Providing care for someone living with dementia is exhausting and thankless. My dad was her primary caregiver and he mentioned on several occasions that the intensity and stress of caring for her might give him a heart attack.
I want to avoid this disease for myself and my children and reduce the potential burden for my family and anyone else’s!
Aunt Linda – FTD Age of Onset – mid 40s
After losing my mother to ovarian cancer at an early age, my Aunt Linda promptly stepped into a maternal role. She always had a fun loving, spunky, outgoing personality. While she was known for her quirky demeanor, our family noticed an undeniable reduction in social skills overtime. Dementia isn’t a disease you think of affecting a youthful, healthy woman in the prime of her life. After many years of memory loss and cognitive decline, she was diagnosed with FTD. The daily caretaking of a family member with FTD is insurmountable.
My cousins, uncle, extended family, and caretakers showed unwavering strength and even humor while my aunt slipped away to this horrendous disease. After her passing, I learned a few of my close neighbors also had family members affected by FTD. Together we hope to bring awareness and raise funds for research for a cure and caretaker support.
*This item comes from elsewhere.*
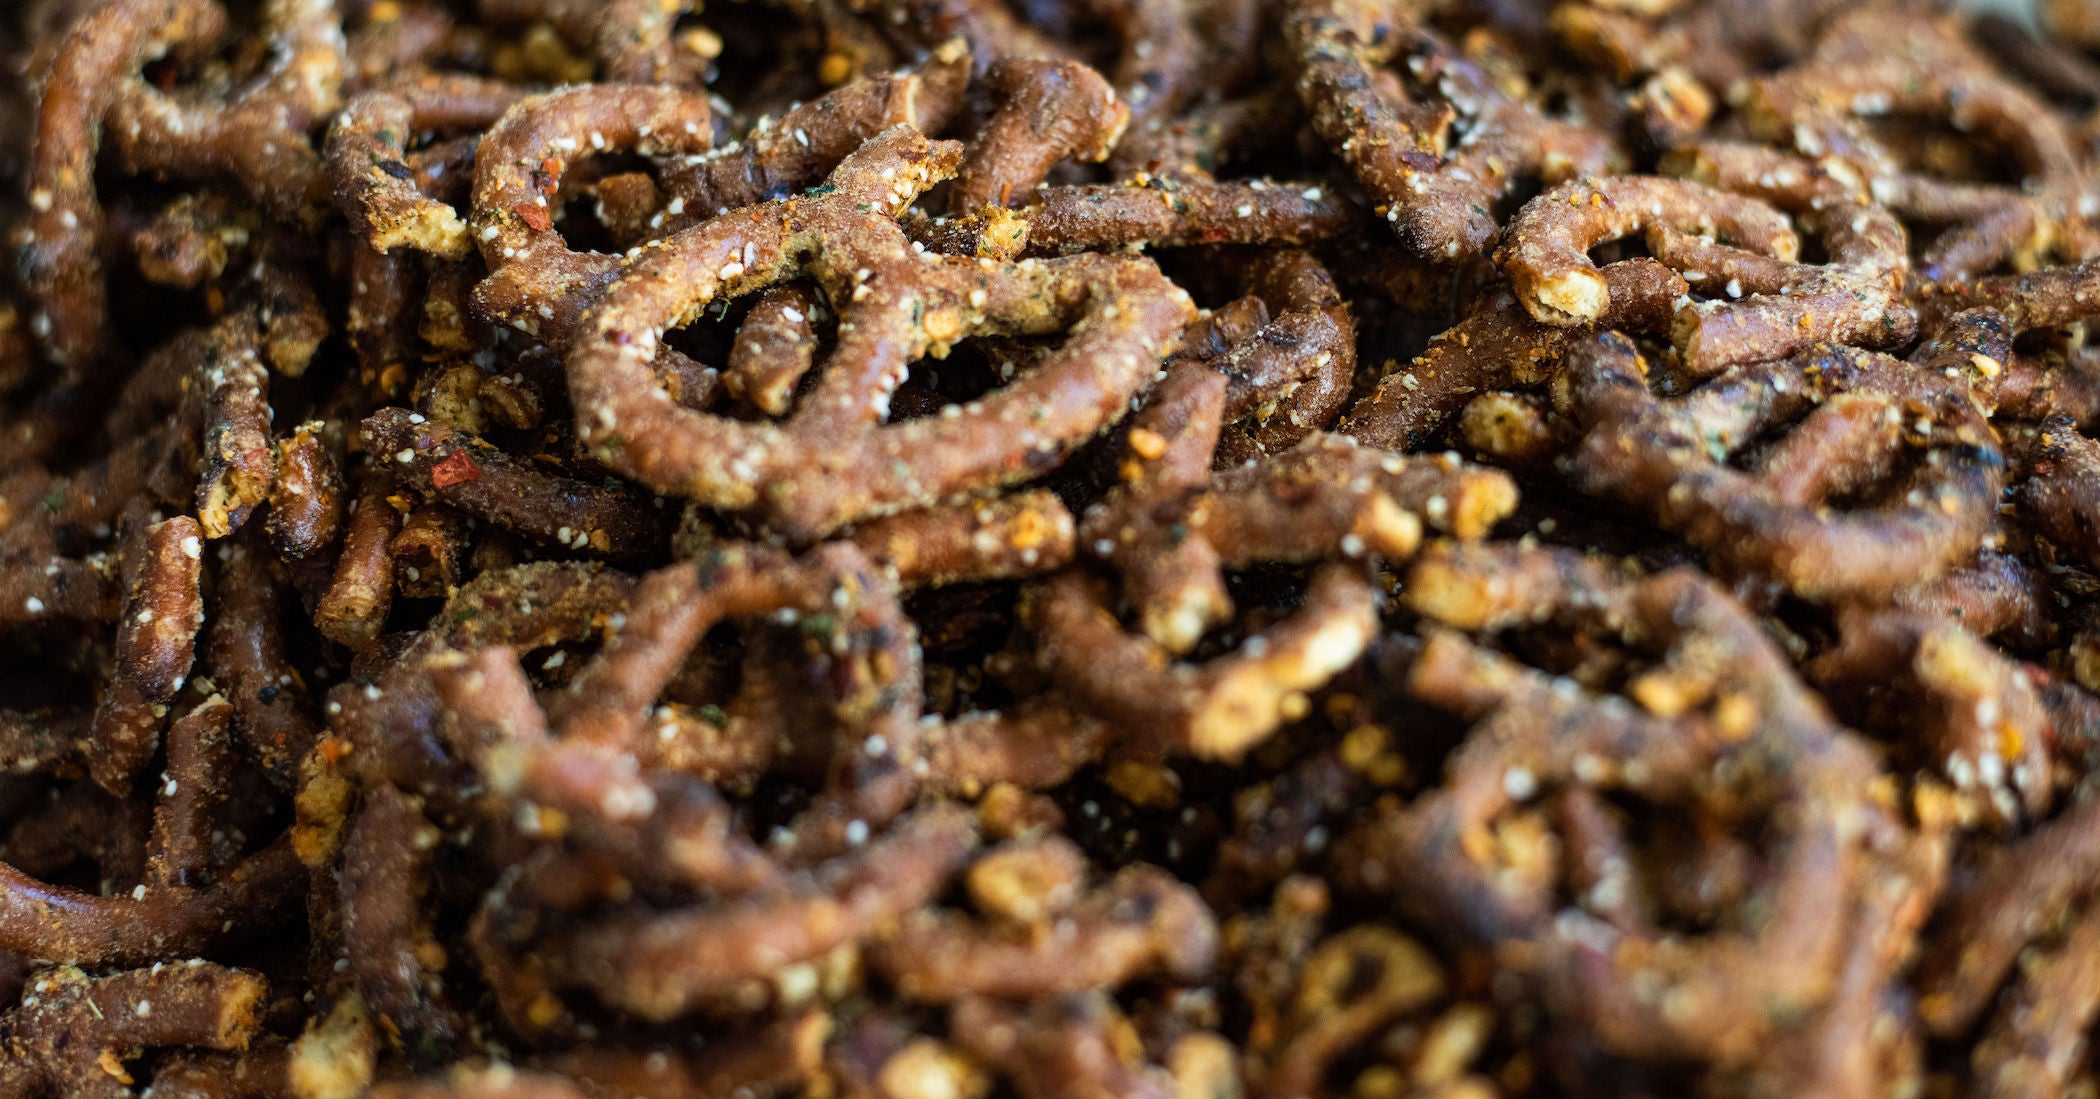 Pile of pretzels seasoned with "OG" spices

Mom – Alzheimer’s – Age of Onset mid 60s
Grandmother – Alzheimer’s – Age of Onset mid 70s
Dad – Caregiver – passed away due to stress from caring for his wife
We witnessed our grandmother, Meme, succumb to Alzheimer’s in 2018. History repeated itself, with our mom, Jonette. In 2013, we noticed odd behavior from our mom. We would call her on our way home from work. Mom wasn’t making sense, but we wrote it off as she was tired as she was caring for our grandmother or maybe she had indulged in a glass of wine. Eventually, the signs became undeniable and she was diagnosed with Alzheimer’s in 2018. Our parents moved from Dallas to Houston in 2020, so we could help our dad take care of her. Unexpectedly, our dad, Mike, passed away in May 2023. We believe the emotional and physical stress of being mom’s caregiver significantly contributed to our dad’s passing, as statistics show that 1 in 3 caregivers say their health has gotten worse due to their responsibilities and 25% have delayed taking care of their health. In September 2023, our mom passed away from Alzheimer’s.
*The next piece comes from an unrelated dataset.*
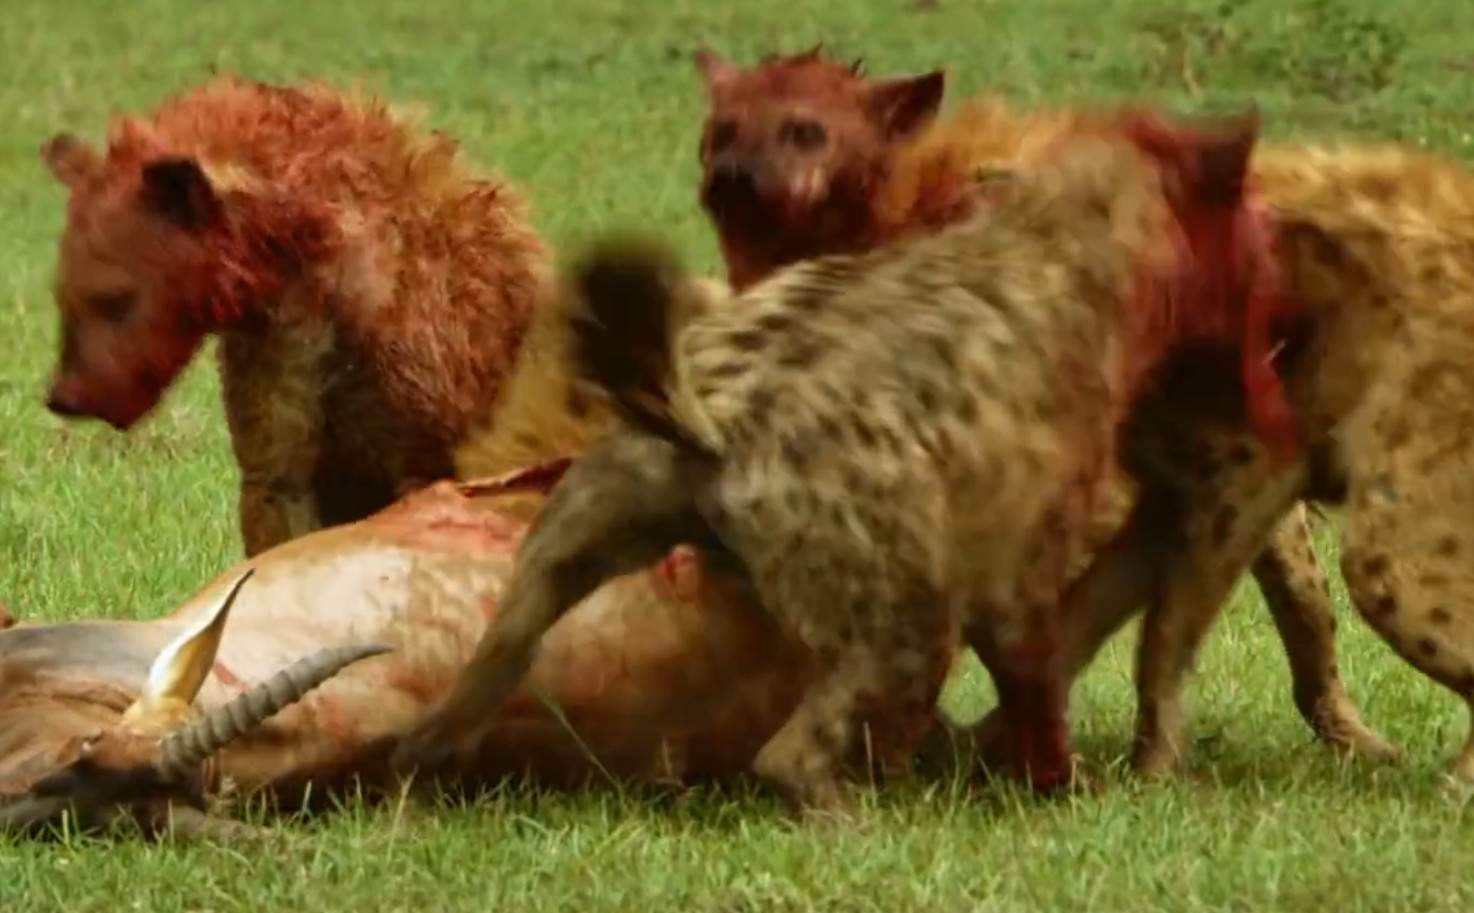 Gemeinsam machen sich dann alle über die Beute her. Dabei geht es recht blutig zu. Aber bei solch einem großen Beutetier wird der ganze Hyänen-Clan satt.

Anyone who has loved someone with Alzheimer’s knows that it’s a cruel thief robbing friends and family of their loved one with no cure. Knowing that our mom had the Alzheimer’s gene and that we have a chance of inheriting this horrible disease, we are channeling our energy to raise funds to help find a cure.
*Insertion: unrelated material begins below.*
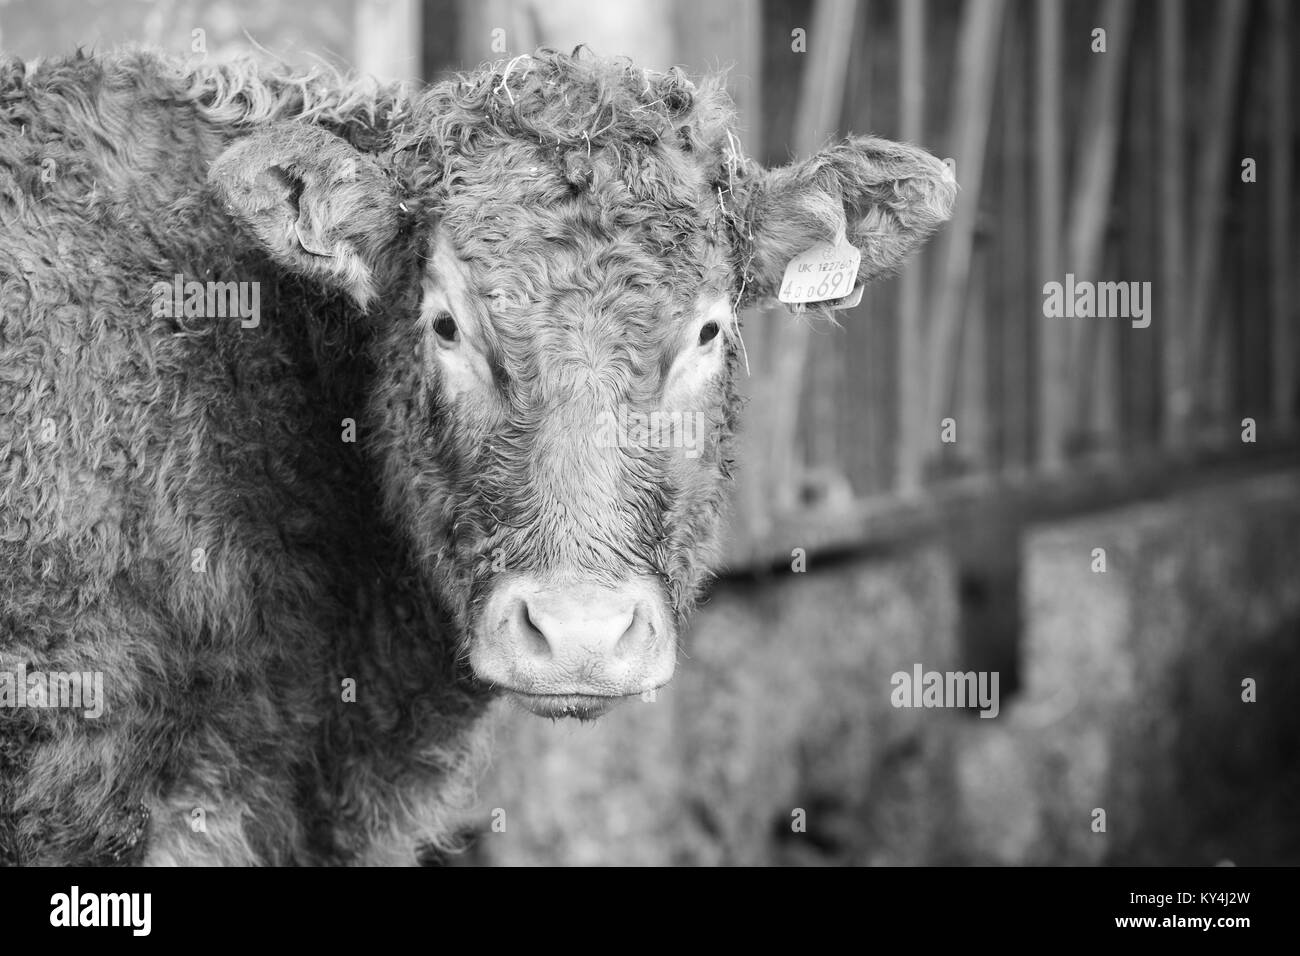 Vache dans la cour de ferme Banque D'Images

Unfortunately, I am no stranger to dementia and all of the complex layers that come with it. My maternal grandparents both passed away from dementia, and my mother stepped up as caregiver to ensure they lived out vulnerable years with the utmost dignity. The toll caregiving takes on a person is extreme, and it is something I am passionate about raising awareness for. My mother was (and still is!) superwoman to me as she cared for her parents with love and respect. She was their advocate as dementia stripped them of their independence.